11am - 12 noon
Friday 18 October 2024
Visual Content Provenance and Change Summarisation
PhD Viva Open Presentation - Alexander Black
Hybrid event - All Welcome!
Free
University of Surrey
Guildford
Surrey
GU2 7XH
This event has passed
Visual Content Provenance and Change Summarisation
Abstract:
This thesis explores the problems of robust visual content provenance re-attribution and change summarisation, both visual and textual. Our first contribution is a novel scalable image provenance framework to match a query image back to a trusted database of originals and identify possible manipulations on the query. Our approach consists of three stages: scalable search stage; re-ranking and near-duplicate detection; and a manipulation detection and visualisation stage for localising regions within the query that may have been manipulated.
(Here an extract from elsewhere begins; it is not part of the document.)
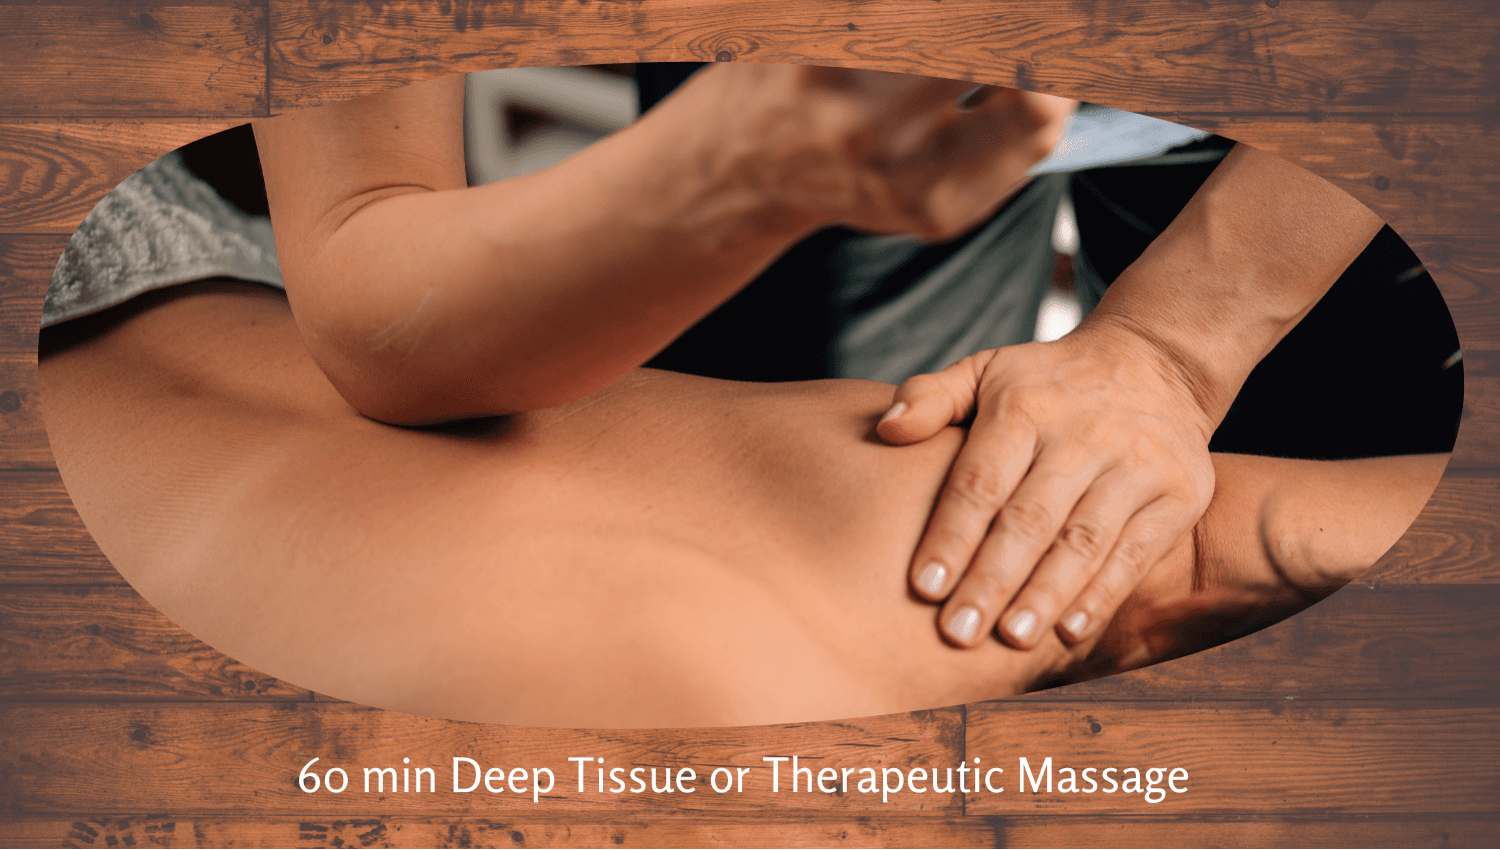 Image for 60 min Therapeutic or Deep Tissue Massage Therapy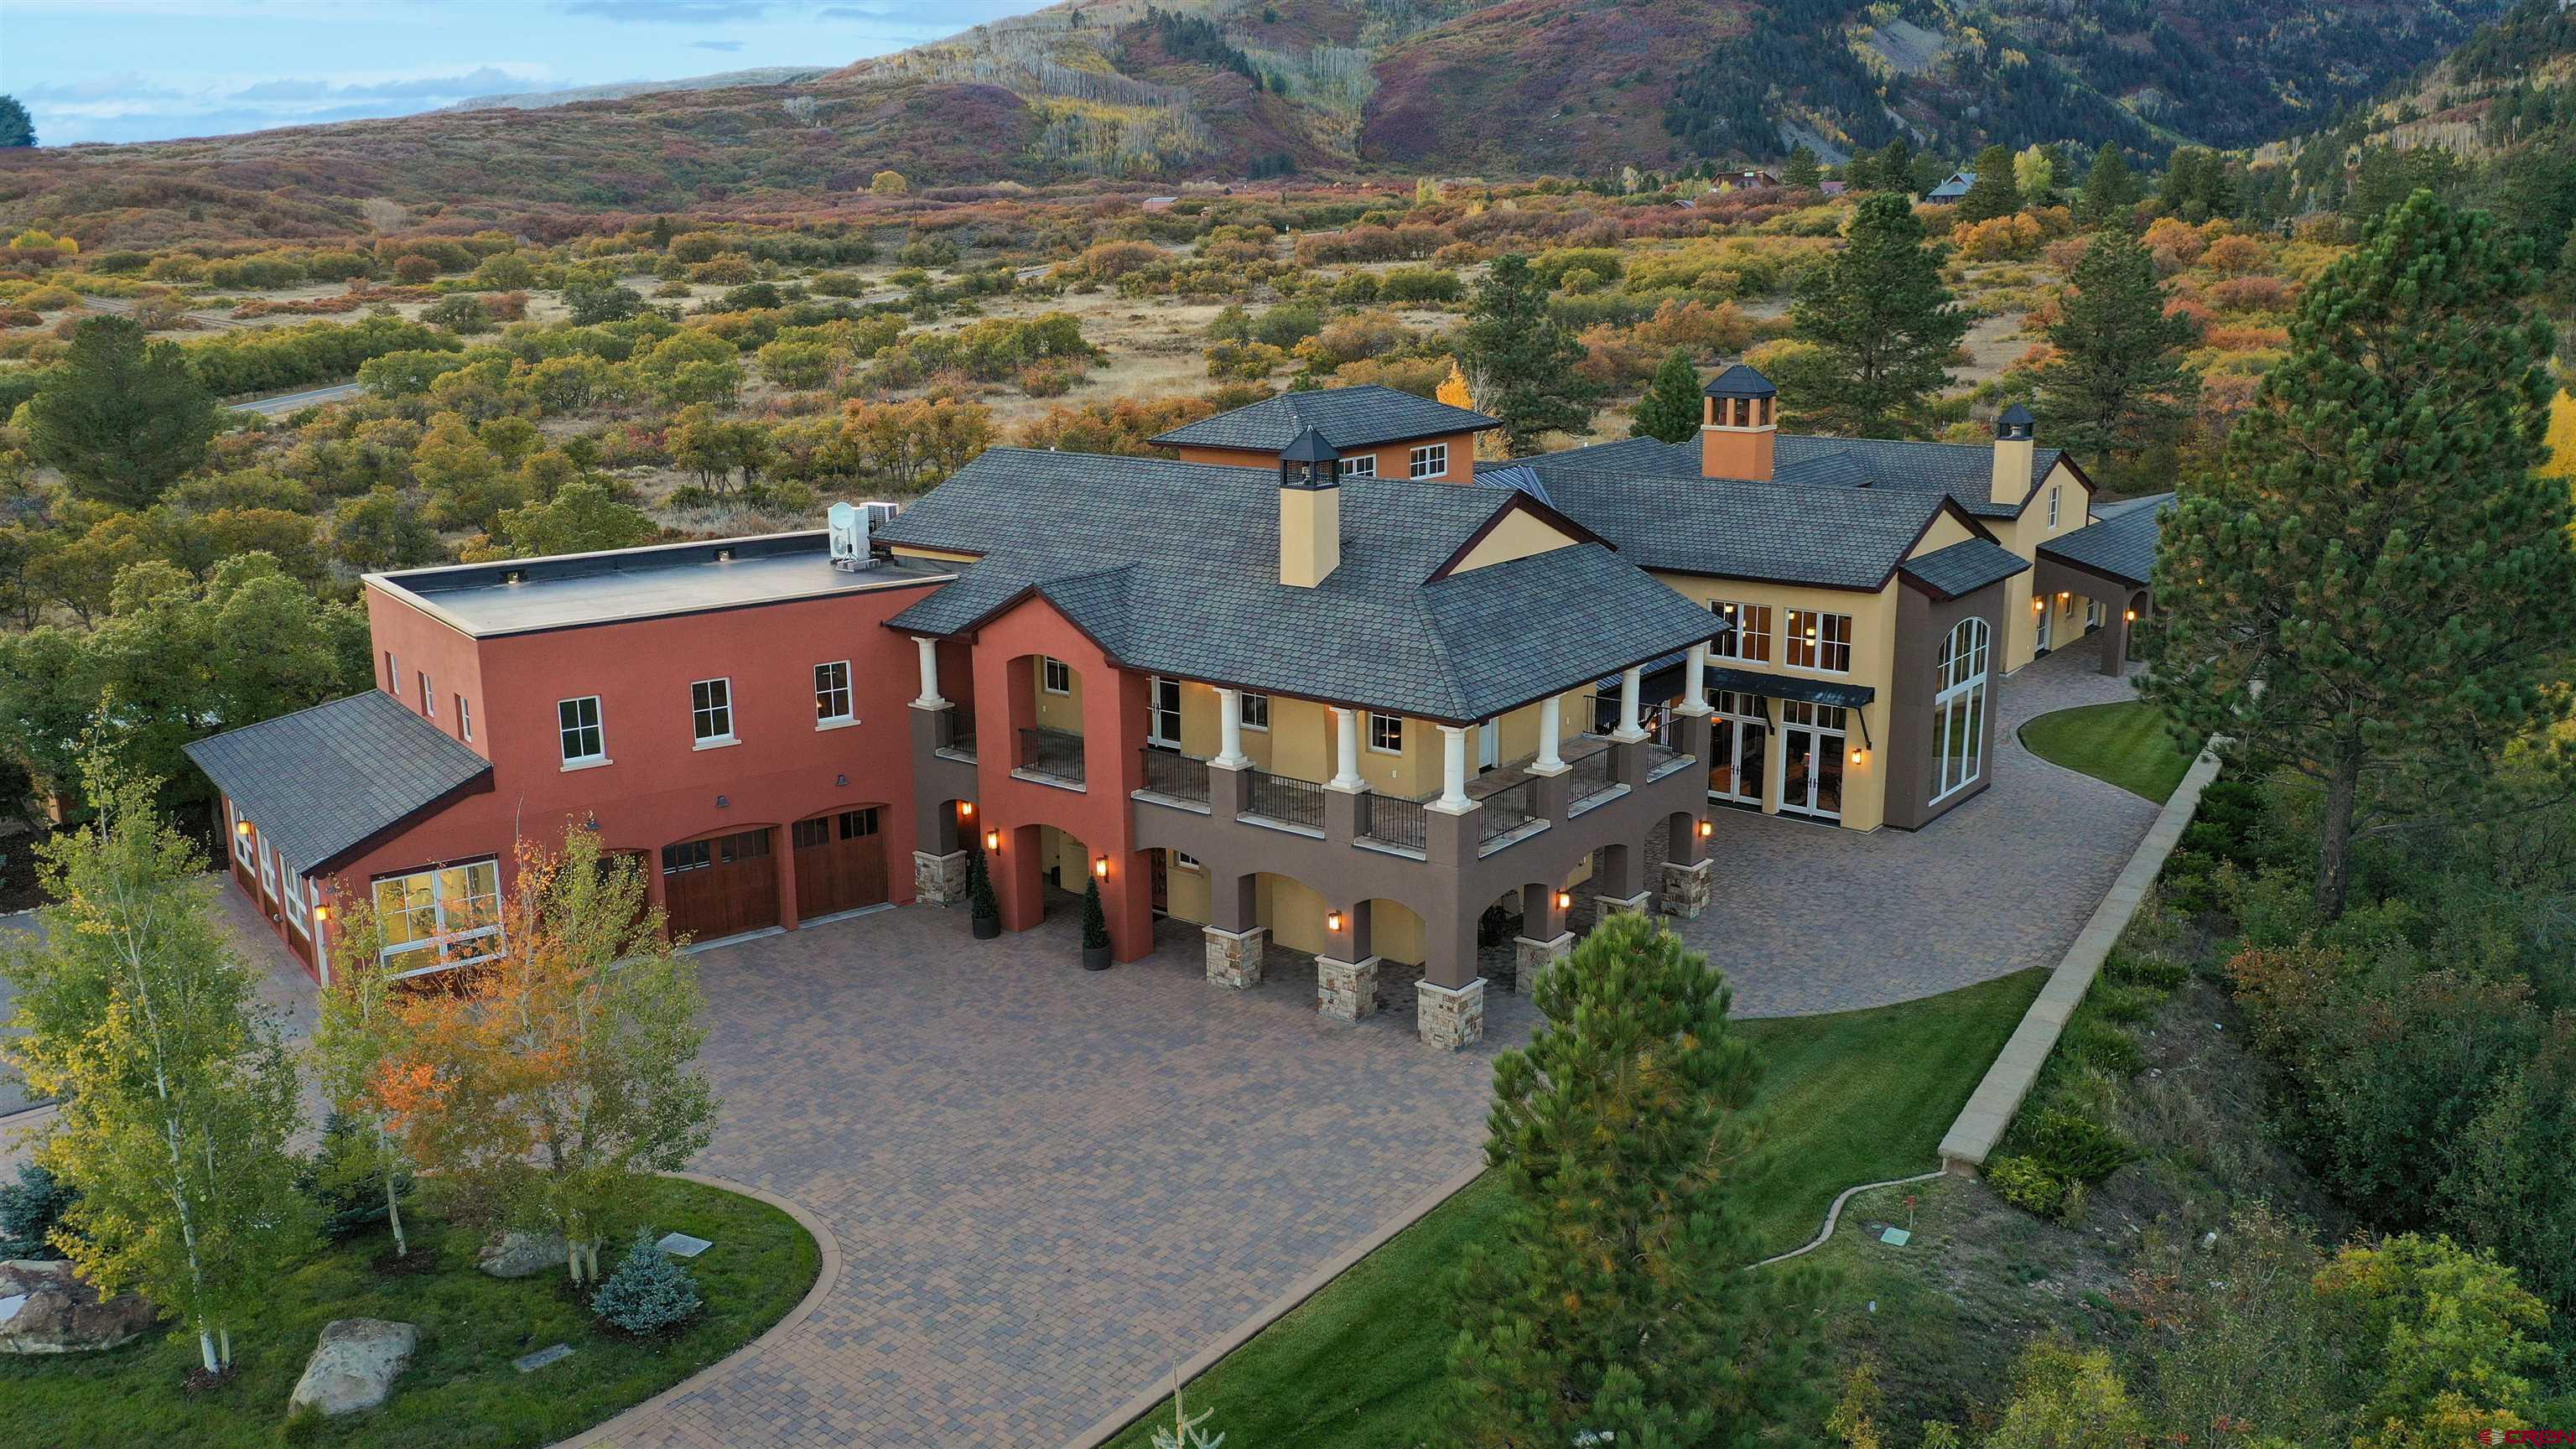 "OPULENCE IN THE MOUNTAINS!" Describes this 175-acre estate that borders three sides of 1.85 million acres of the SanJuan National Forest. The property is split by the La Plata River that is serviced by a magnificent bridge that connects the property. Combining the 175 acres property with the bordering National Forest makes the estate feel much larger than its deeded acreage--that includes five Colorado mountain peaks. THE INTERIOR is designed for comfort with World ClassFinishes and Quality Workmanship in every aspect of this Custom Built Mountain Modern, Four Story, 18,000 square footMain House with opulent furnishings and Three Floor Elevator that is finished in Pecan Wood. There are multiple attached patios and balconies encompassing the perimeter of the house. The area off of the Great Room and Master En-Suite has aFireplace with covered seating.  THE MAIN/SECOND FLOOR features: There is an open concept three room area - first a massive Great Room with a castle designed Fireplace and 22ft Aspen Wood Ceilings that is the focal point of the majestic mountains with views through panoramic floor to ceiling windows. Next a Formal Dining Room to host family holiday meals and stately dinners that opens to a dine-in Chef's Kitchen with Butler's Pantry with unlimited storage. All with GraniteCountertops, Custom Cabinets, Kitchen area with Viking Oven, Gas Range, Oven Warmers and Sub-Zero refrigerated drawers. The two-story Master En-Suite includes a Fireplace, Walk-In Custom dual Closets, Master Bath, Foyer and aSecond Story Bonus Room with magnificent views. Adjacent to the Master Bedroom is a Fitness Center that includes a LapResistant Pool and Private Bath. Just off the Entrance there is an Execute Office with fire-proof filing cabinets. Across from the Office is a cozy Library with Fireplace and floor to ceiling Pecan Book Shelves that is a perfect venue for relaxing with a book or for Executive Meetings. There is a Three Car Heated Garage with an attached 800 square foot Greenhouse, Mud-Room Entry to the house with lockers and a half bath.The Driveway is constructed with heated pave stones.  THE BOTTOM/FIRST FLOOR features: A comfortable, professionally decorated area that feels like a luxurious Antique Opera House with12 seat Home Theater that is powered by Apple TV, separate Snack Bar with sink and refrigerator entrance area. Also sound proof Music Production Room. This floor includes a Half Bath and large Storage Room on this level.  THE UPPER LEVEL/THIRD and FOURTH FLOORS features: A huge Game Room with a Wet Bar, Three Guest Bedrooms (one used asChildren/Teen Bunk Room area) with their own private Bathrooms. You climb the open stairwell to the top/fourth floor ZenRoom that has the most beautiful views of the Estate and surrounding Mountains!  SEPARATE STRUCTURES INCLUDE: *CARETAKER HOUSE: This is a 2550 square foot, Three Bedroom, Two Bath, Two Car Garage. *FOUR STALL BARN:This is a 4356 square foot Barn with Washing Basin. *POLE BARN WITH A UTILITY ROOM AND COVERED OUTDOOR HORSE ROUND PEN: This is a 3650 square foot area.  *OUTDOOR PAVILION: This area includes a full service Kitchen with an Imperial Range Oven with Stove Top, a Serving Area with a Fire Pit in the center of the Pavilion. Also, His and HerFour Stall Restroom/Bath House with a Two Car Garage and RV Pad with Hookups.  *SPECIAL NOTE: This Property includes one of the largest Solar Panel Projects for Utilities in the history of Colorado for SF residence with utility bills averaging $66.00 a month! Power is backed up by an 85 Kilowatt Propane Generator. There is room for expansion with utility hookups to create more potential trophy home sites. This Property is located in an incredible setting for a multitude of activities – camping, fishing, hunting, horseback riding, hiking, ranching, snowmobiling, snowshoeing, cross country skiing, entertaining or just relaxing.  Only 15 Minutes to shopping, dining and nightlife. 30 minutes to Jet Service

We extend our approach to videos and present VADER. VADER matches and coarsely aligns partial video fragments to candidate videos using a robust audio-visual descriptor and scalable search using an inverted index. A transformer-based alignment module then refines the temporal localisation of the query fragment within the matched video. A space-time comparator module identifies regions of manipulation between aligned content, invariant to any changes due to any residual temporal misalignments or artifacts arising from non-editorial changes of the content.
We also explore the problem of image difference captioning with text. Initially, we address the problem in the context of only two images with VIXEN – a technique that succinctly summarises in text the differences between two images in order to highlight any content manipulation present. Our proposed network linearly maps image features in a pairwise manner, constructing a soft prompt for a pretrained large language model. We show that VIXEN produces succinct, comprehensible difference captions for diverse image contents and edit types.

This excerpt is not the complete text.